Help your parents keep their job. Go with them to the Hanukah party at the country club the owners of the building frequent. Wear your nicest sale rack dress. Smile at the grownups and tell them how much you love your teachers, how you want to be a writer like your grandfather. Don’t mention the bullying. They call you a Russian spy. Do mention your obsession with Urban Outfitters and Emily Dickinson. Find out the girl at the table also likes these things. Translate all of this to your parents in Russian, who have been stumbling over their words between bites of slimy gefilte fish. Look around at all the money. Begin to realize you are somebody’s mitzvah, somebody’s good deed.

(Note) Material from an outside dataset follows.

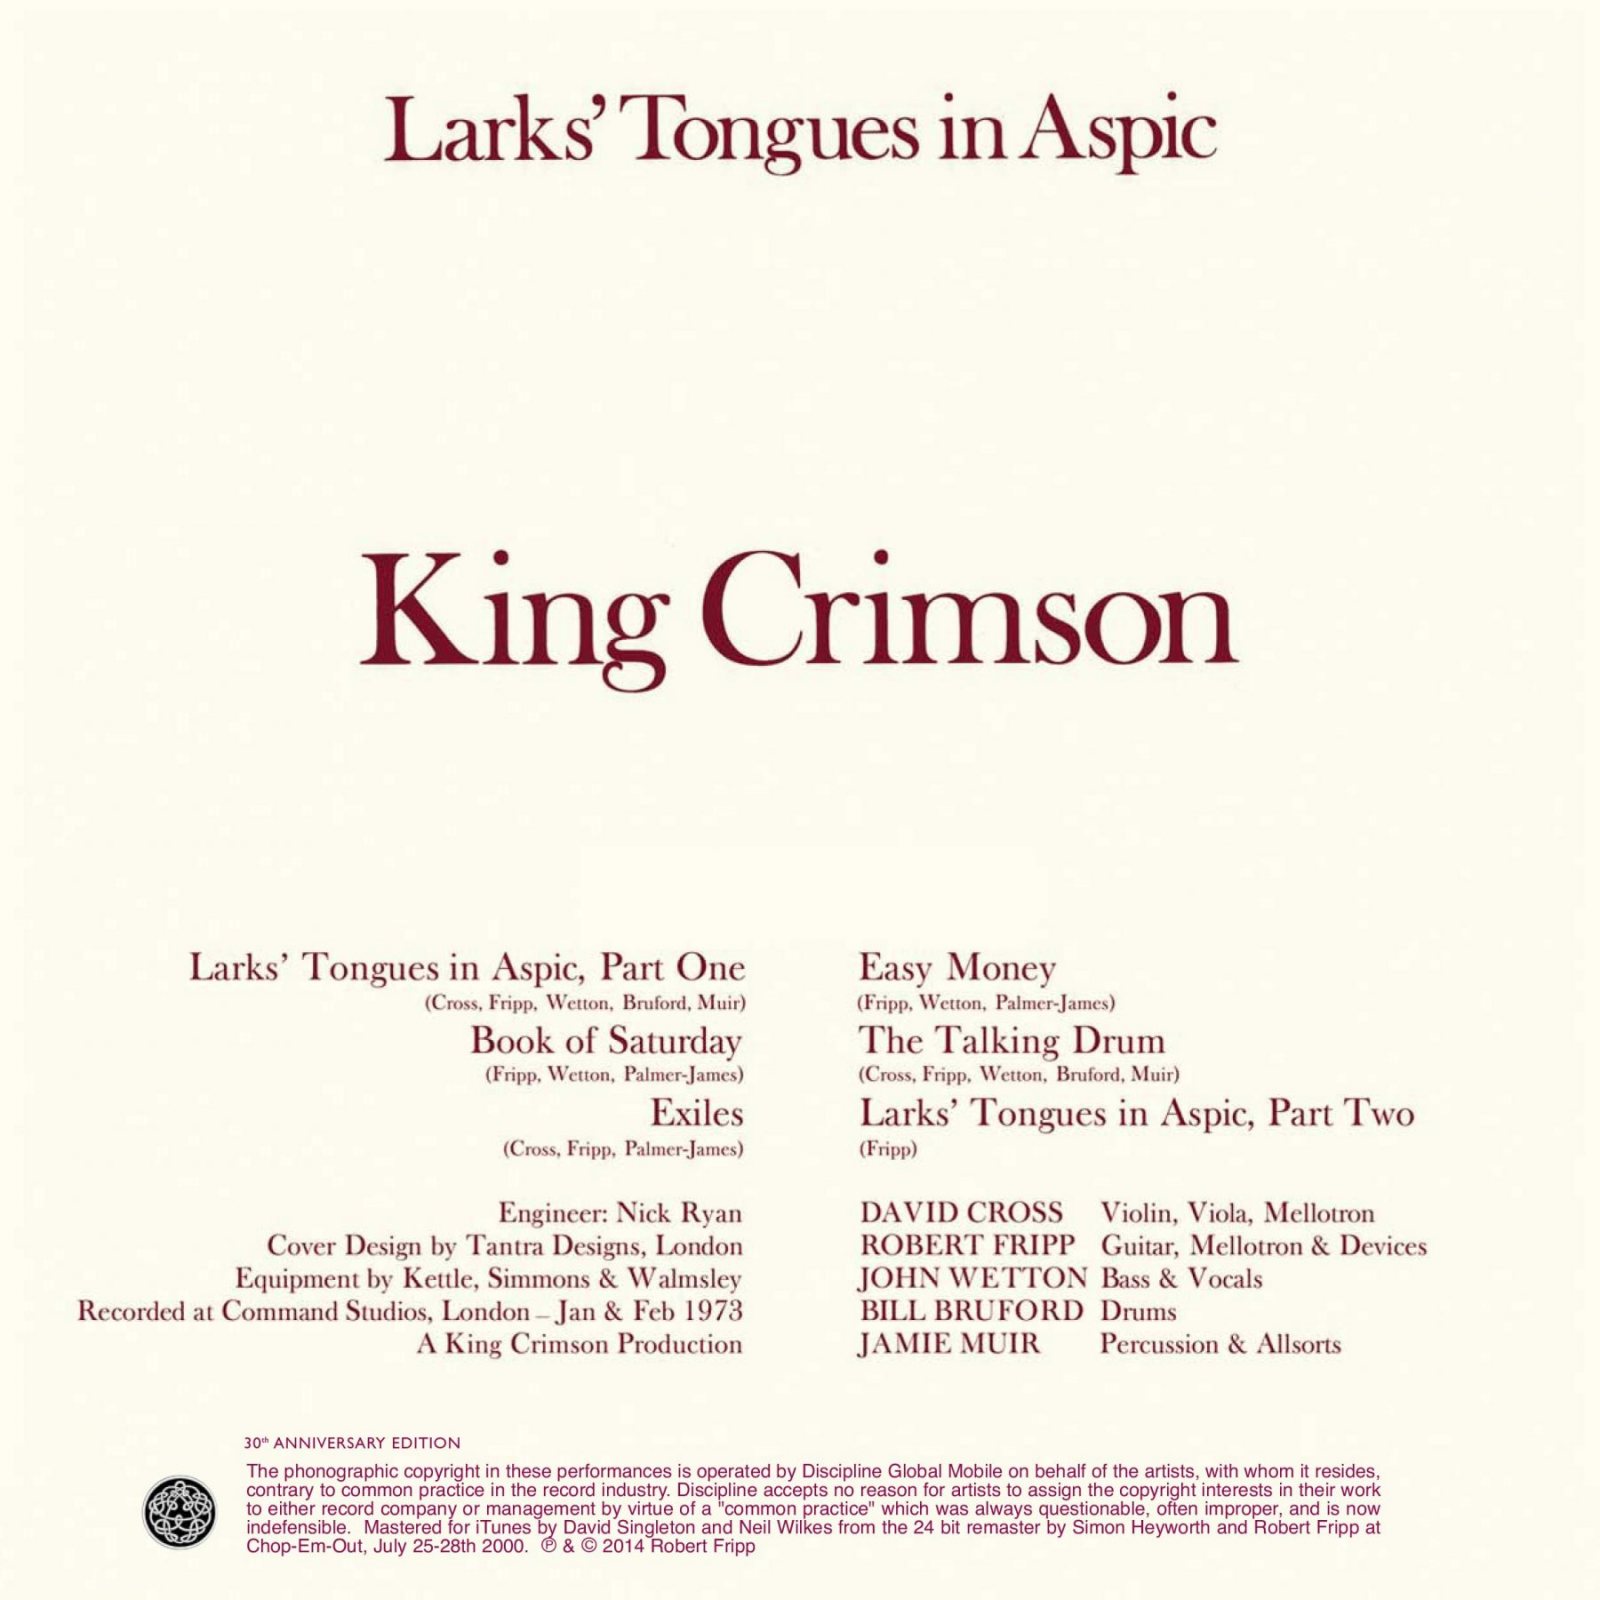 1308232188_Larks-Tongues-In-Aspic-(Expanded--Remastered-Original-Album-Mix)-8.thumb.jpg.615378b4ce0d92490a7a20a186226b55.jpg

Think about how strange it is to live so close to people you don’t know. Think about how strange it is to share walls with people

outside your family. People that can hear you cough or sneeze or snore or yell or fuck. Think about how strange buildings are. How on the surface they seem so dull and utilitarian like one of those old jewelry boxes, but on the inside, they are filled with the music of our lives.

Grow sick of being the manager’s daughter. So responsible and kind. You are now ready for anonymity. Understand that you are now ready to secure a future outside the open music box you’ve spun around in for far too long. Because before you figure out what exactly you are meant to do with your life, you must get out of the building that raised you.